**What the task asks:**
Copy out every line of the material below, character for character, apart from the pictures.
Data segment section start
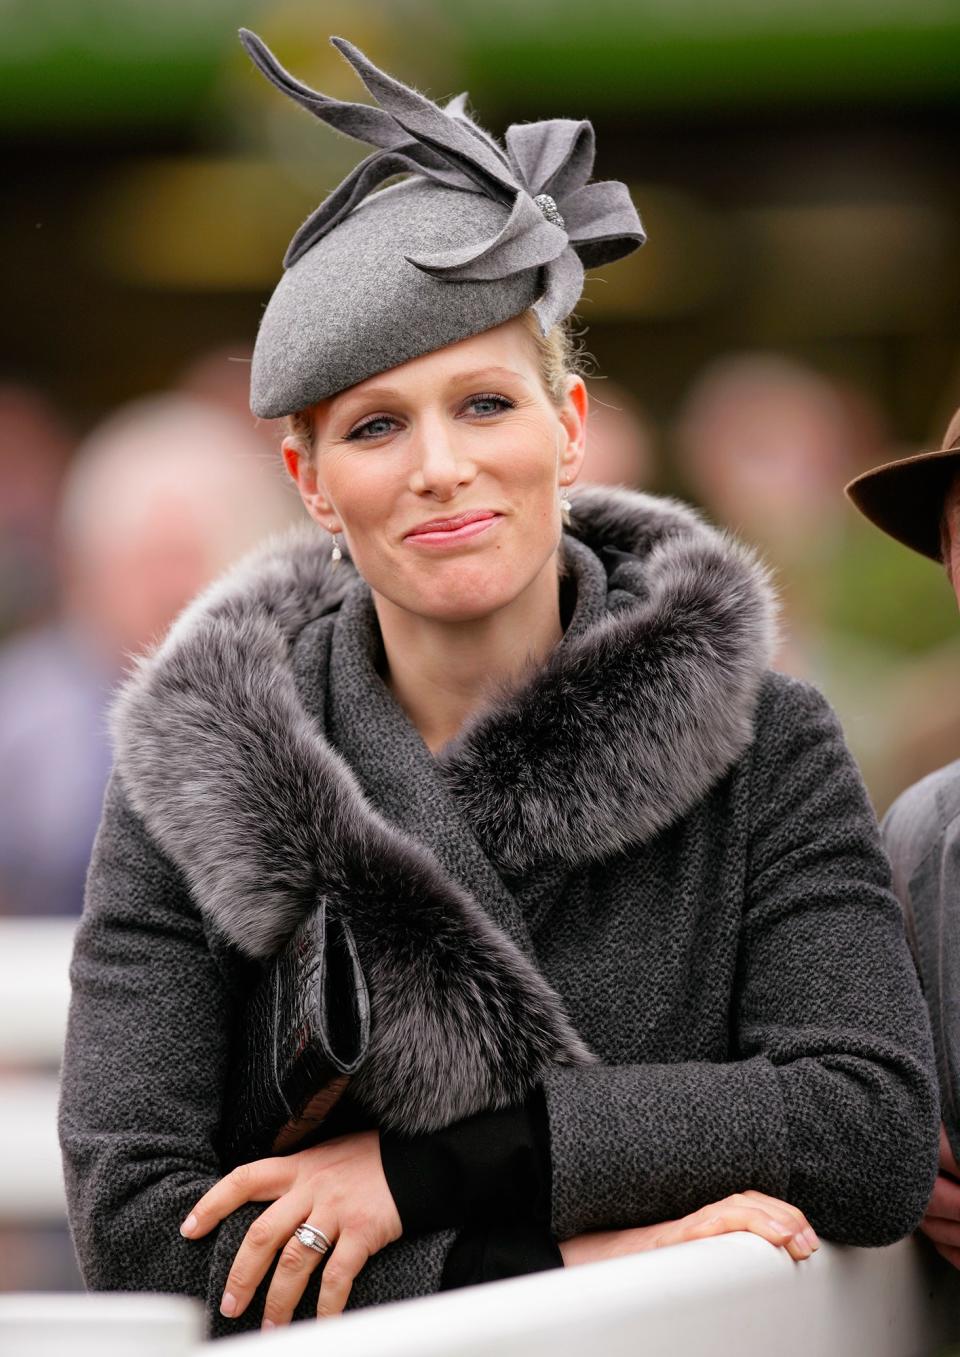 Equestrian Zara Tindall received a custom-designed diamond and platinum ring with a divided diamond band from former rugby player Mike Tindall.
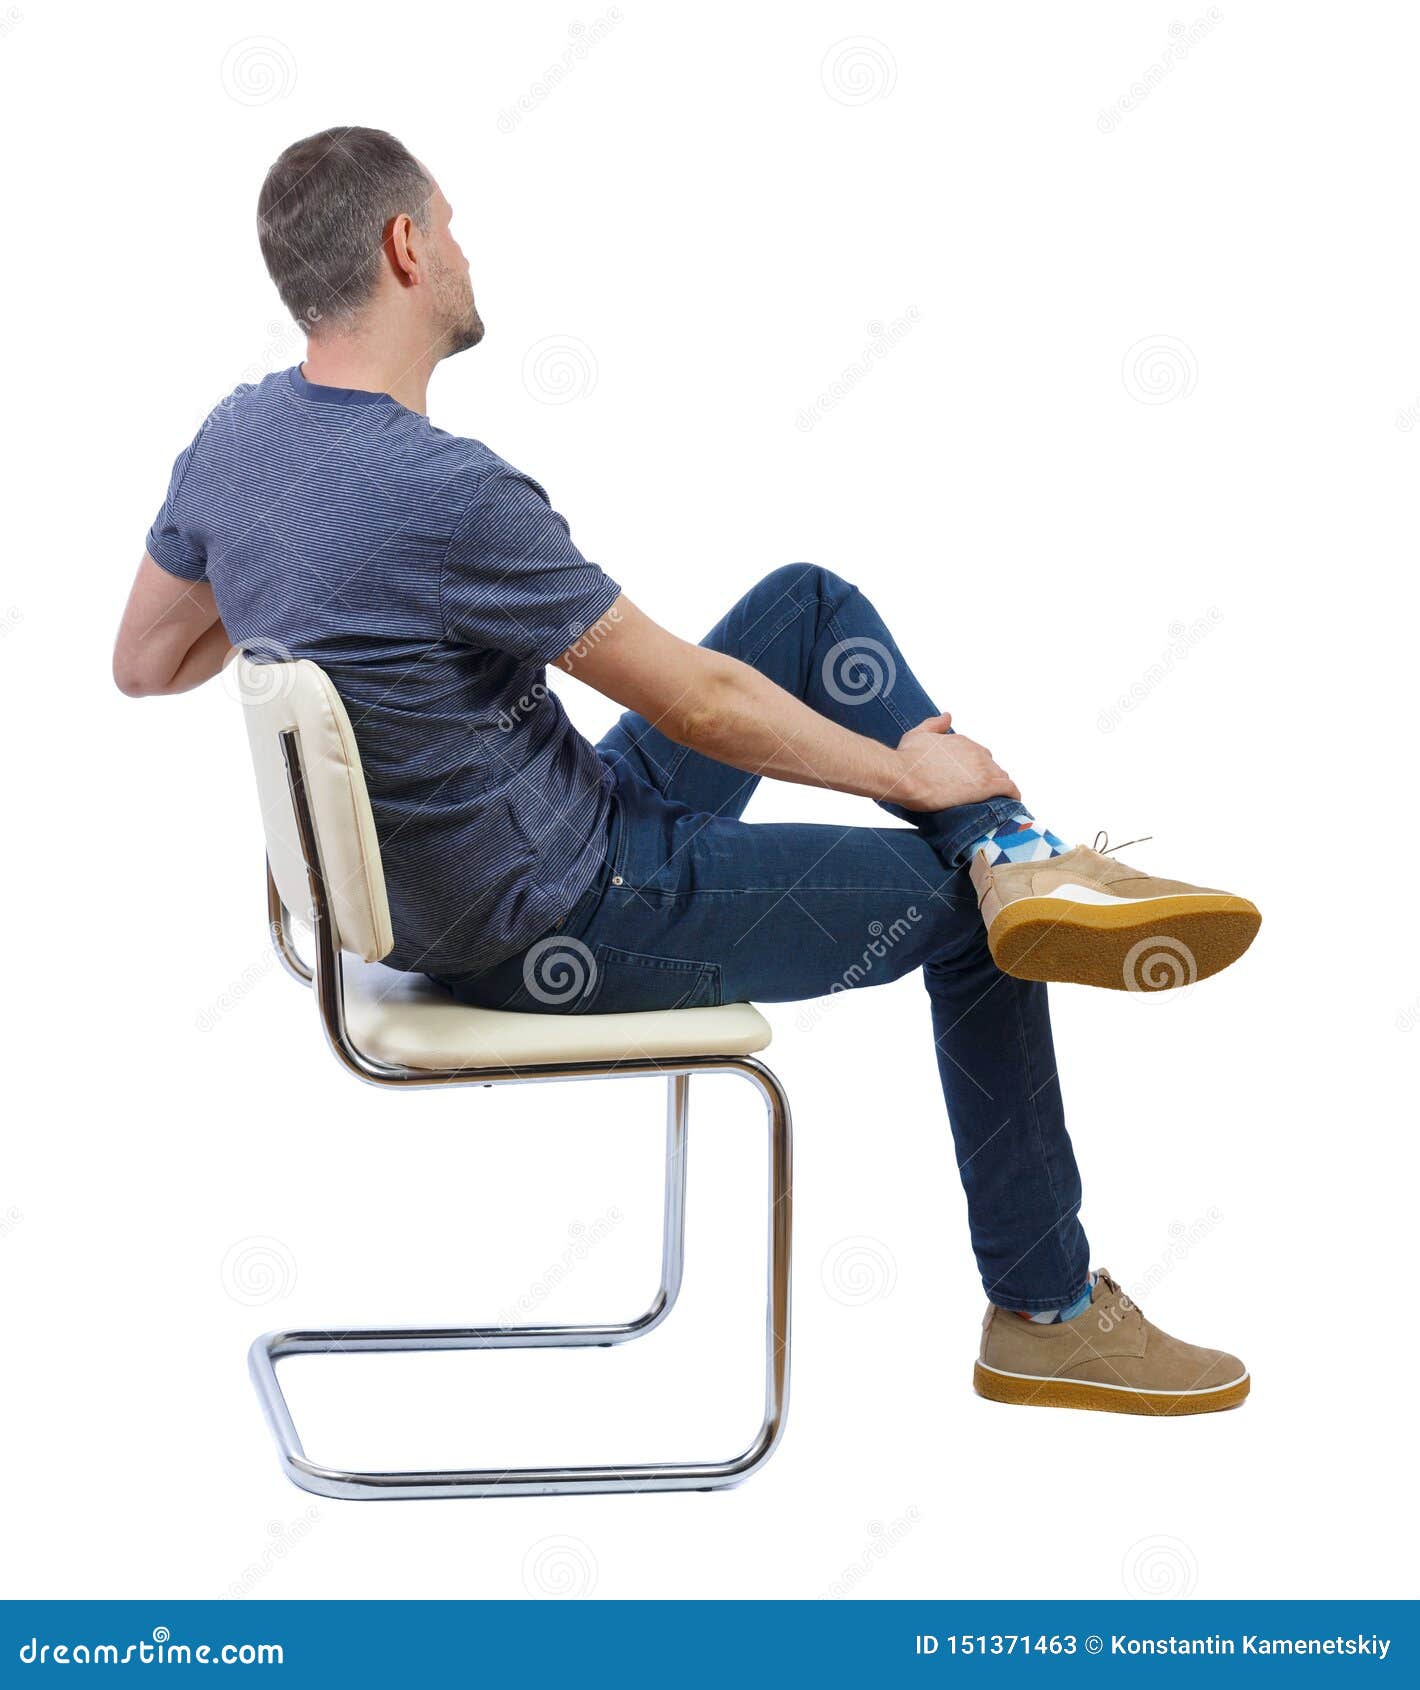 person sitting side view
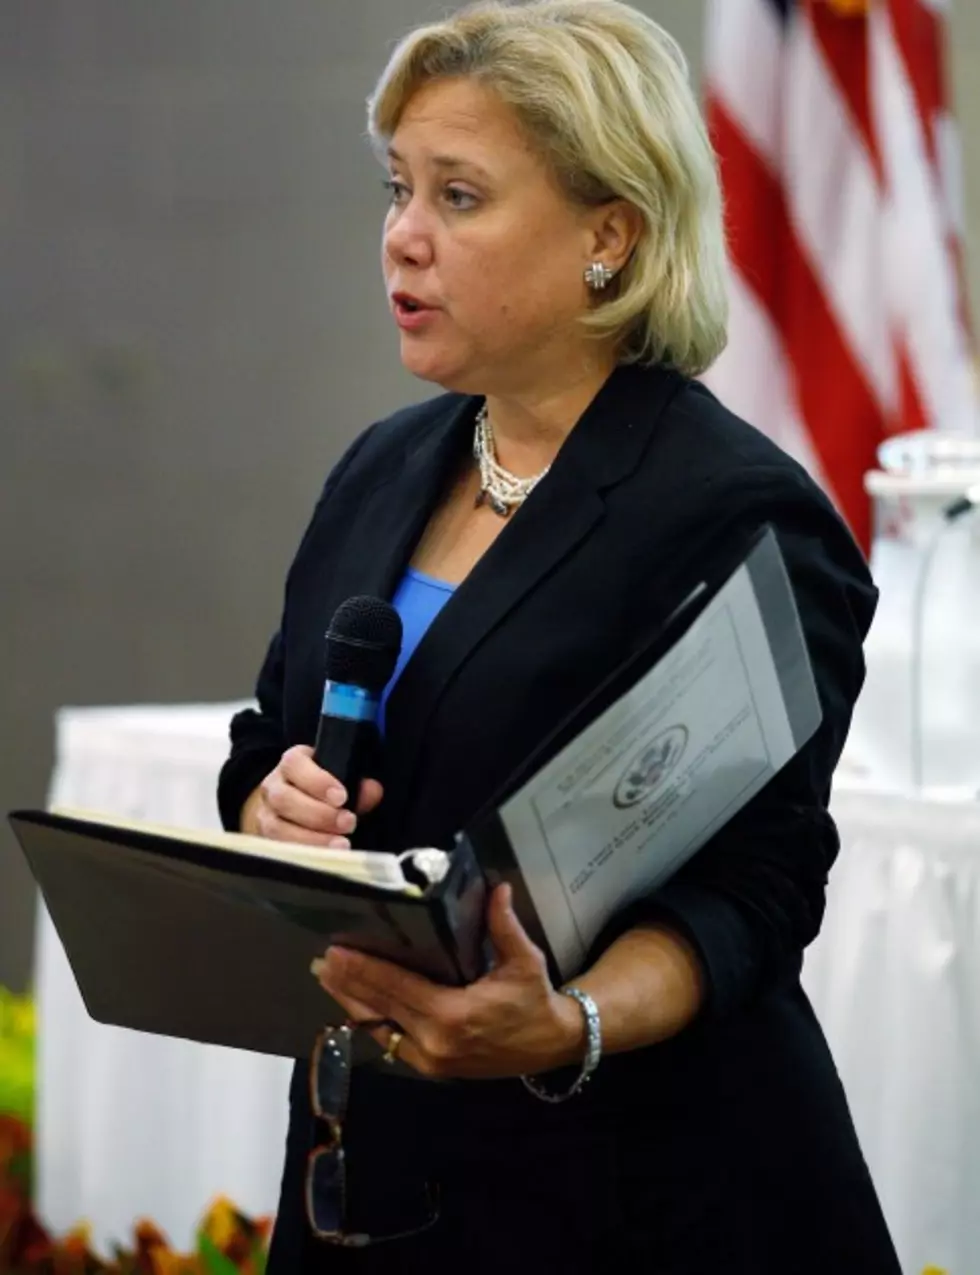 Does Mary Landrieu Owe More Money To the Treasury For Flights? [POLL]
Data segment section end
**Solution for this problem:**
 Equestrian Zara Tindall received a custom-designed diamond and platinum ring with a divided diamond band from former rugby player Mike Tindall.
 person sitting side view
 Does Mary Landrieu Owe More Money To the Treasury For Flights? [POLL]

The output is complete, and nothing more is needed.